Enough, may, perhaps, have been said concerning this original invention; therefore this article will not be encumbered with quotations of all those passages relative to mills, which are found in ancient authors, as they would afford but little additional information. Neither will mythological records be disturbed to inquire to which deity or hero the invention was originally attributed; or to ascertain the descent of Milantes, whom Stephanus distinguishes by that honour, or how those millstones were constructed which are alleged to have been built by Myletes, son of Lelex, King of Laconia; but we shall proceed to the invention of Water-Mills.
These appear to have been introduced about the period of Mithridates, contemporary with Cæsar and Cicero.
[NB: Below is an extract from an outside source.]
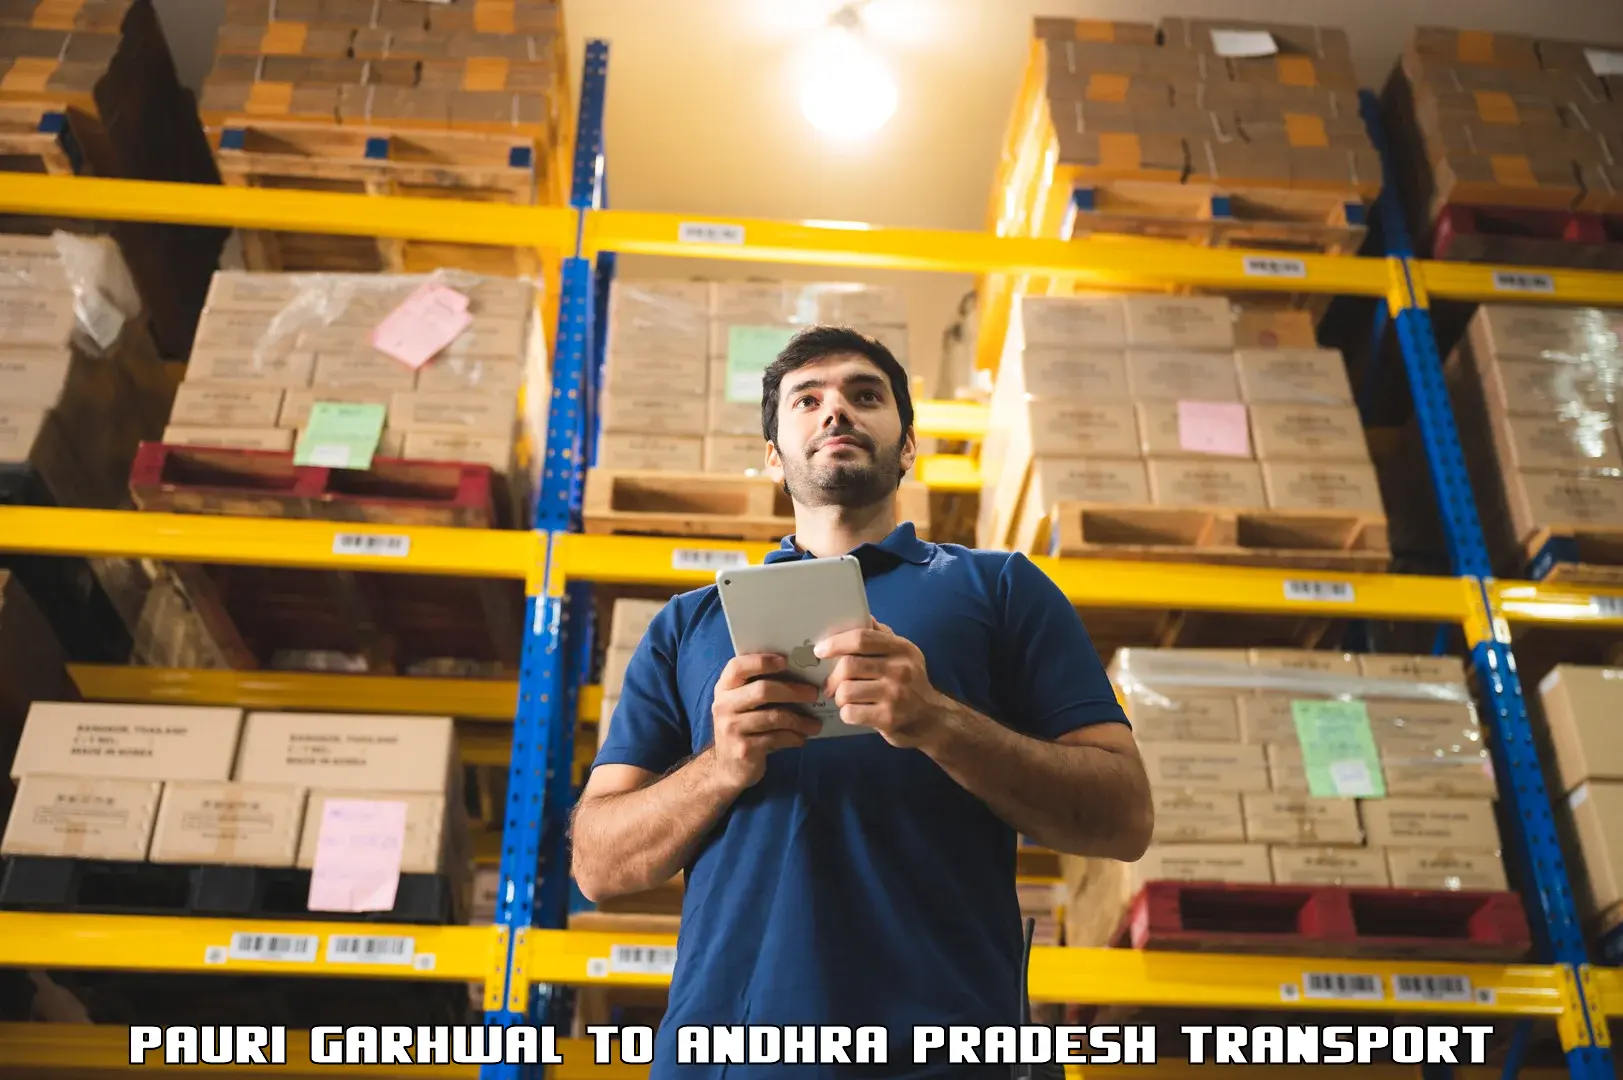 Shipping services Pauri Garhwal to Andhra Pradesh

Strabo, relating that there was a water-mill near the residence of the Pontian king, that honour has been ascribed to him; but so far is this remote from certainty, that nothing can be inferred from thence, other than that water-mills at that period were known in Asia. Pomponius Sabinus informs us, that the first water-mill seen at Rome was erected on the banks of the Tiber, a little before the time of Augustus; but of this there is no other proof than his simple assertion: he having taken the greater part of his remarks from the illustrations of Servius, he must have had a more perfect copy of that author than any now remaining, and from these his information might have come.
The most certain proof we have that Rome had water-mills in the time of Augustus, is, that Vitruvius has told us so; but those mills were not corn-mills, they were hydraulic engines, which he describes in his works. From whence we learn that the ancients had wheels for raising water, which were driven by being trod upon by men; the usual employment for criminals, as may be learnt from Artemidorus. Also from a pretty epigram of Antipater; “Cease your work, ye maids, ye who laboured in the mill; sleep now, and let the birds sing to the ruddy morning; for Ceres has commanded the water nymphs to perform your task; these, obedient to her call, throw themselves on the wheel, force round the axle-tree, and by these means the heavy mill.” Antipater lived at the period of Cicero. Palladius, also, with equal clearness, speaks of water-mills, which he advises to be built on estates where is running water, in order to grind corn without men or cattle.